- **EXERCISE AIM**
Repeat every line of the data exactly; no picture belongs in the copy.

- **DATASET EXCERPT**

- Opening Delimiter -

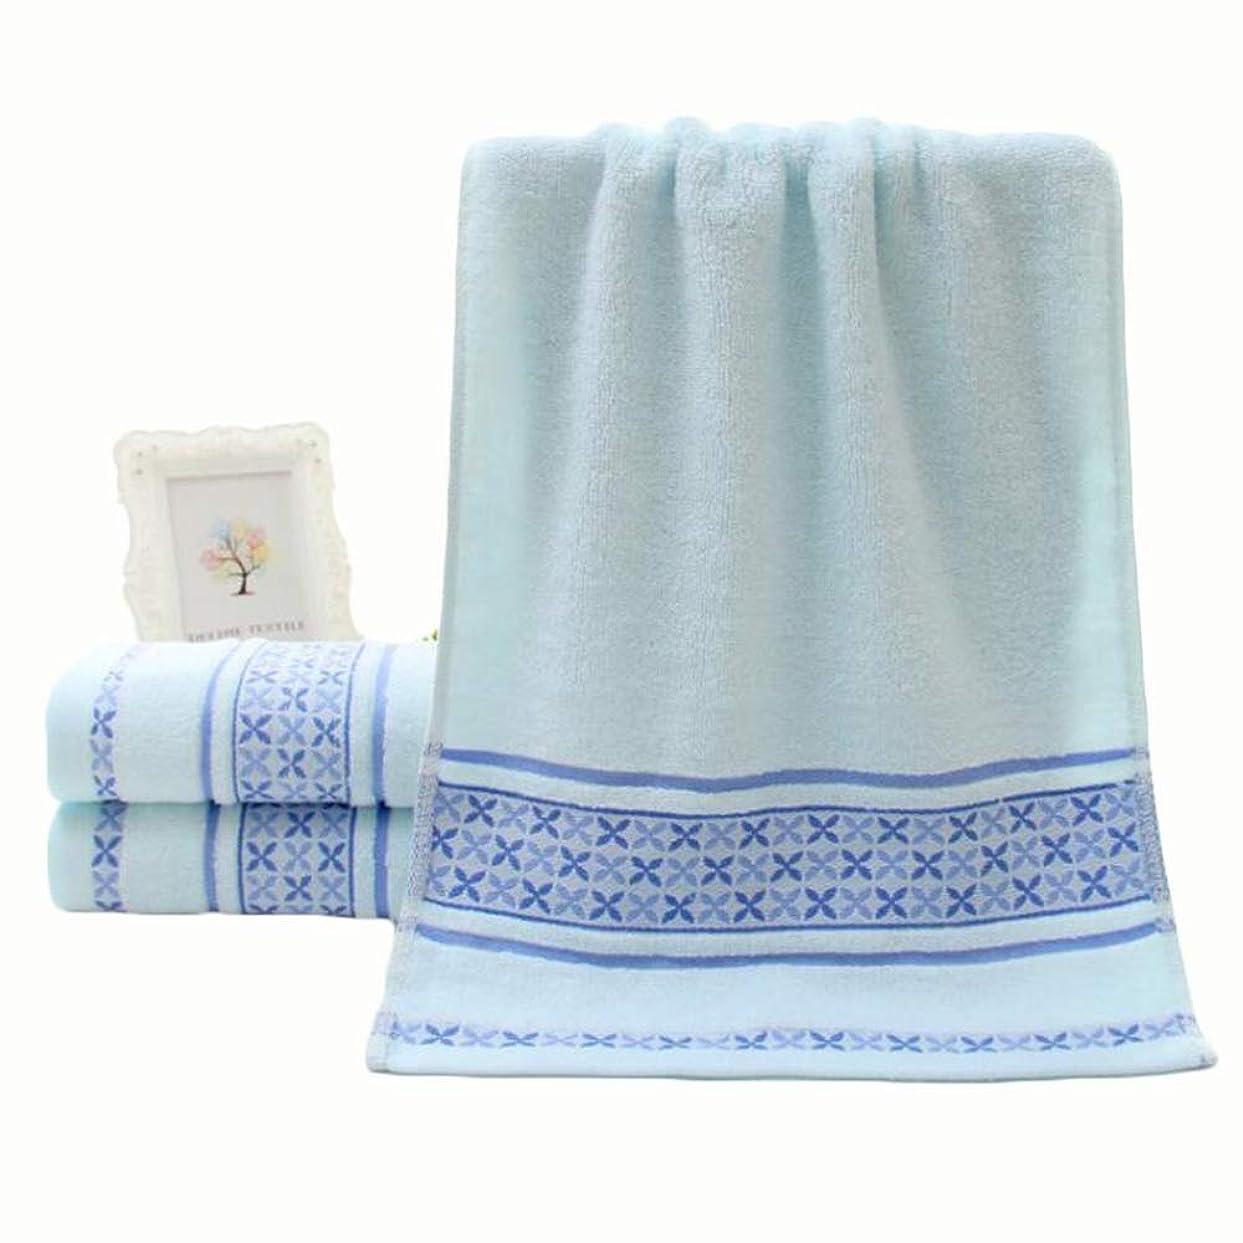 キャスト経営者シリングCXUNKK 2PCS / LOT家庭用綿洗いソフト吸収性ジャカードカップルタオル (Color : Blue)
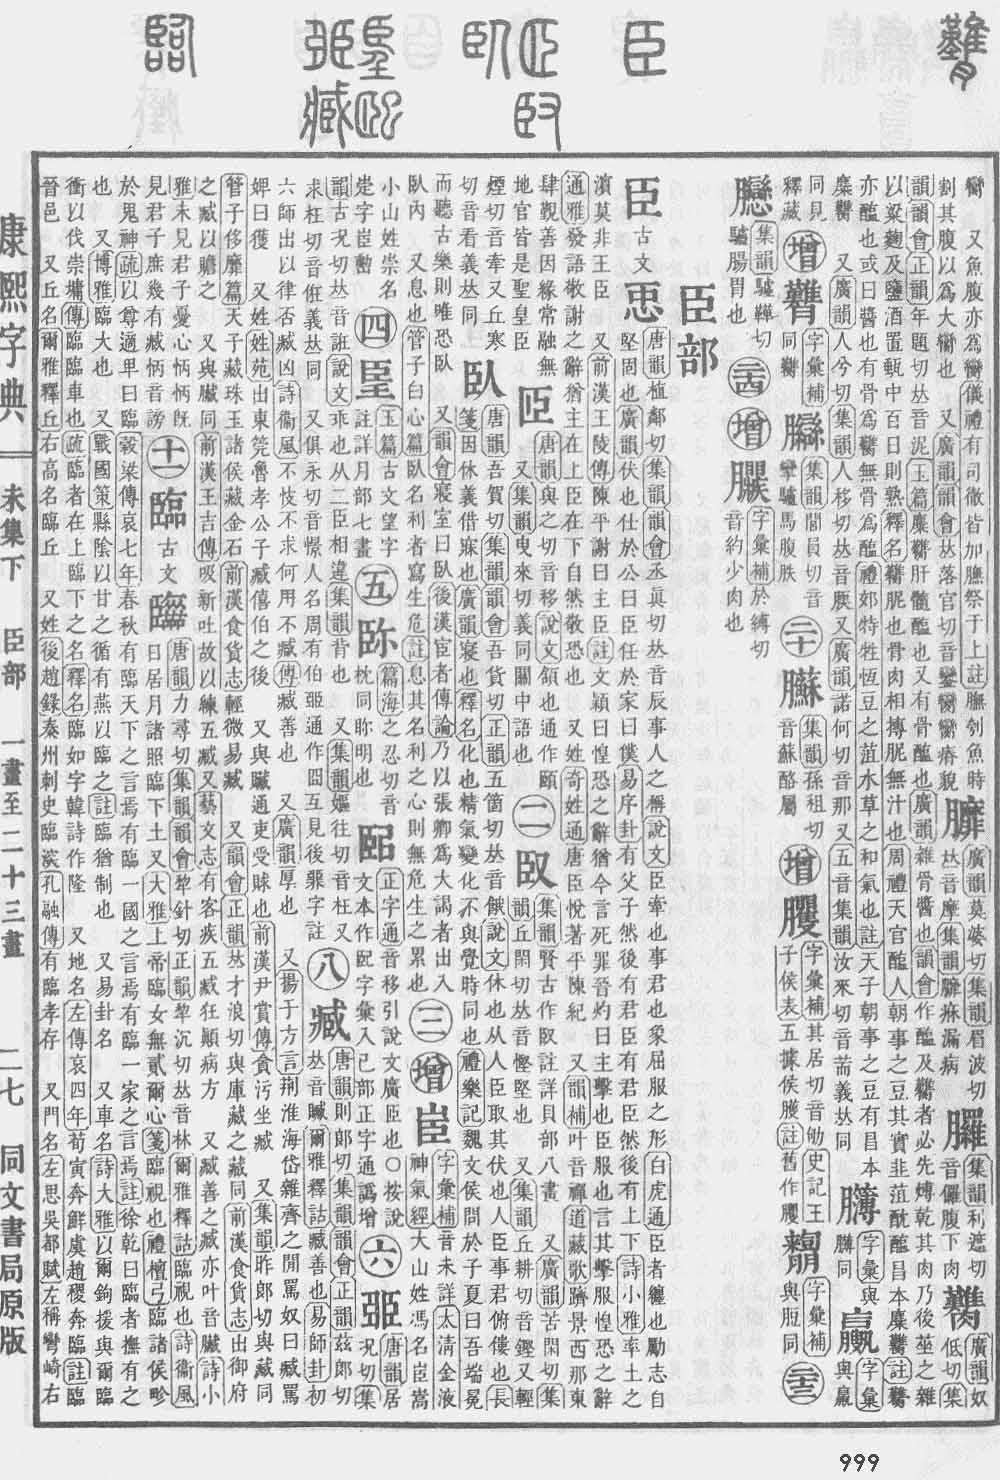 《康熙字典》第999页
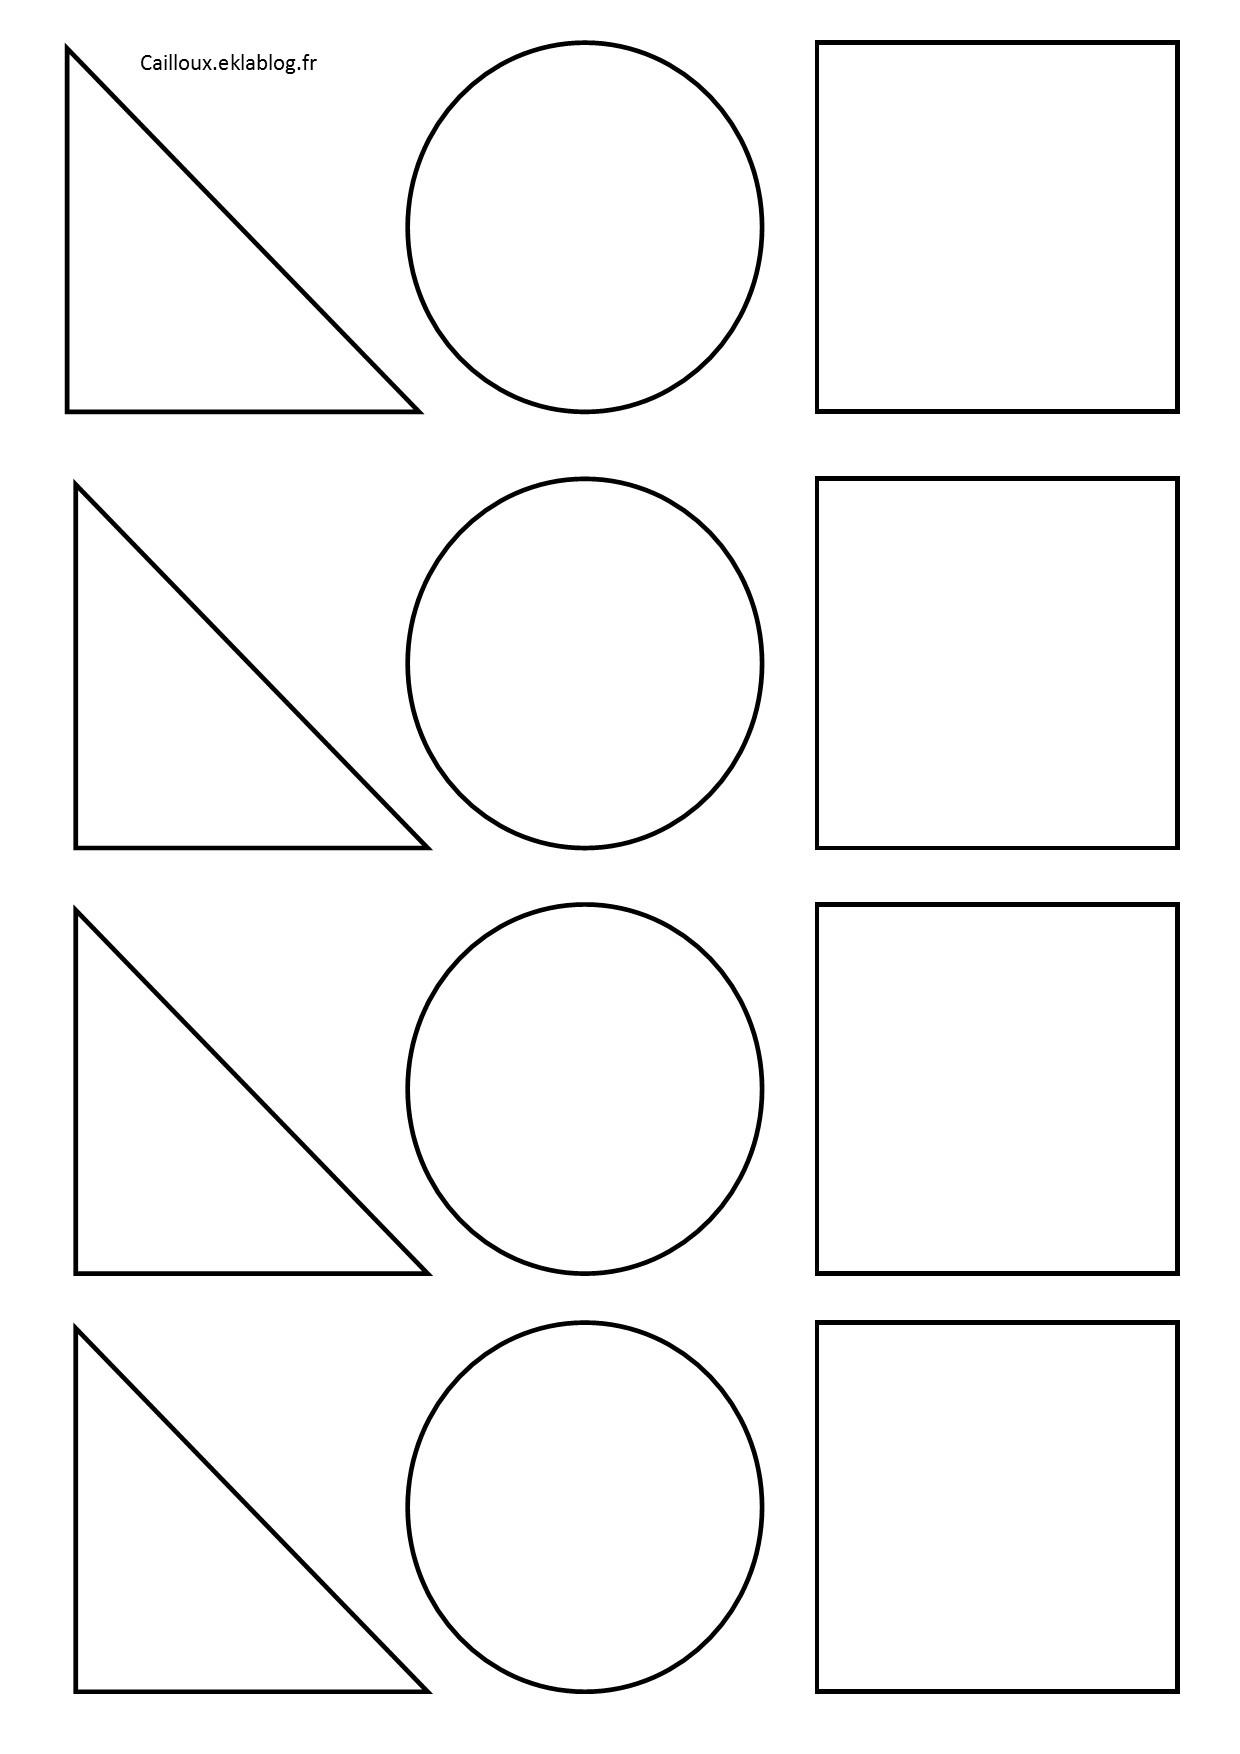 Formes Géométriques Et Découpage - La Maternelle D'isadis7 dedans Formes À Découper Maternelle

- Closing Delimiter -

- **OUTPUT OF THE TASK**
 キャスト経営者シリングCXUNKK 2PCS / LOT家庭用綿洗いソフト吸収性ジャカードカップルタオル (Color : Blue)
 《康熙字典》第999页
 Formes Géométriques Et Découpage - La Maternelle D'isadis7 dedans Formes À Découper Maternelle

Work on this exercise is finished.